Personal Injury
Proposal to scrap advertising by 'no win no fee' merchants

18th August - If Lord Young of Graffham wants no more cringeworthy sleek adverts and perhaps even a ban on referral fees. If he gets his way the repercussions could be huge..
Lord Young of Graffham – commissioned by David Cameron to investigate health and safety laws and the compensation culture may demand an end of the business model whereby claims are harvested through advertising by 'no win no fee' farmers. These companies are usually claims management companies but can be law firms. The industry is worth £400m.
The dichotomy is as follows, these are unnecessary costs that inflate the value of lawyers' fees and ultimately drive up insurance premiums, as it is liability insurers who pay them. From another, they are marketing costs that lawyers would incur anyway.
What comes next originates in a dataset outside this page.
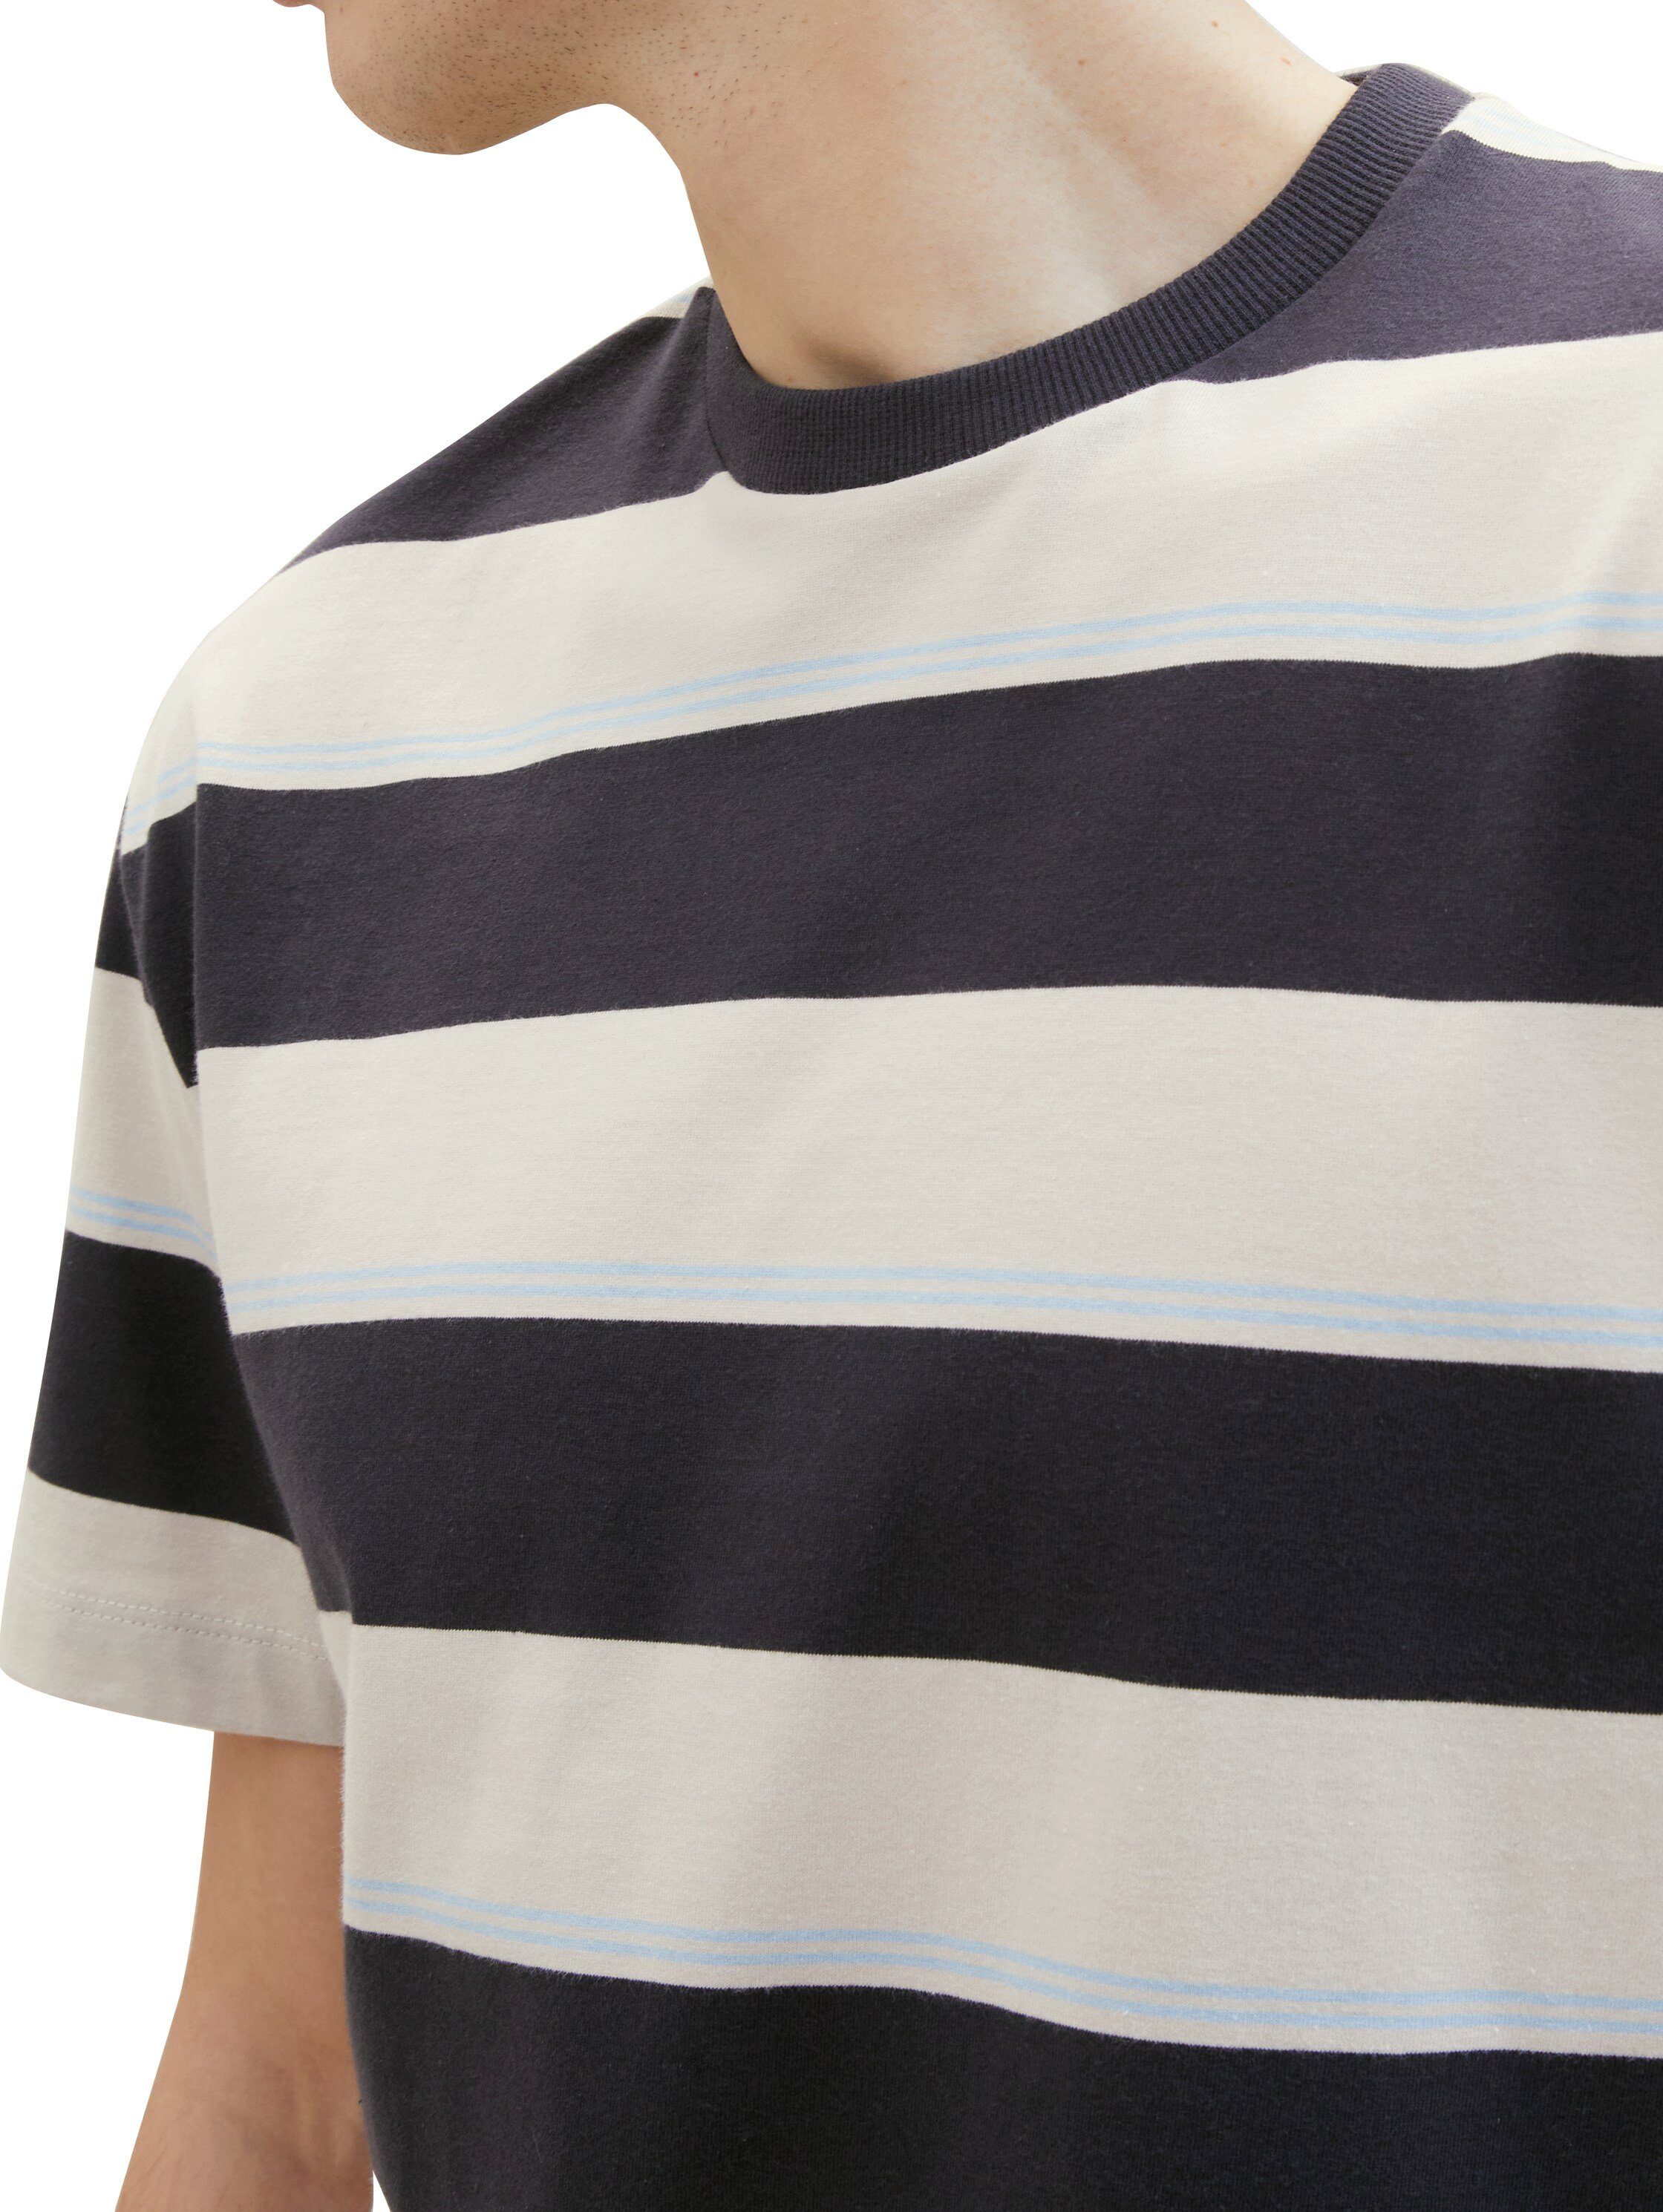 Tom Tailor Denim T-shirt in streep-look

Young's anti-CMC rhetoric has been strong and he could also attempt to reinstate the ban on these so-called referral fees, which was lifted by the Law Society in 2004. In doing so, he would echo Lord Justice Jackson's recommendations earlier this year on reducing the cost of litigation (a report Young has publicly supported). But announcing the way forward on Jackson last month, the justice minister Jonathan Djanogly specifically excluded a decision on referral fees pending advice from the Legal Services Board (LSB), the super-regulator which is currently examining the issue.
The Guardian reports today that in papers released under the Freedom of Information Act released today, the LSB's view is tha the evidence does not provide a case to ban but this is subject to a review next month.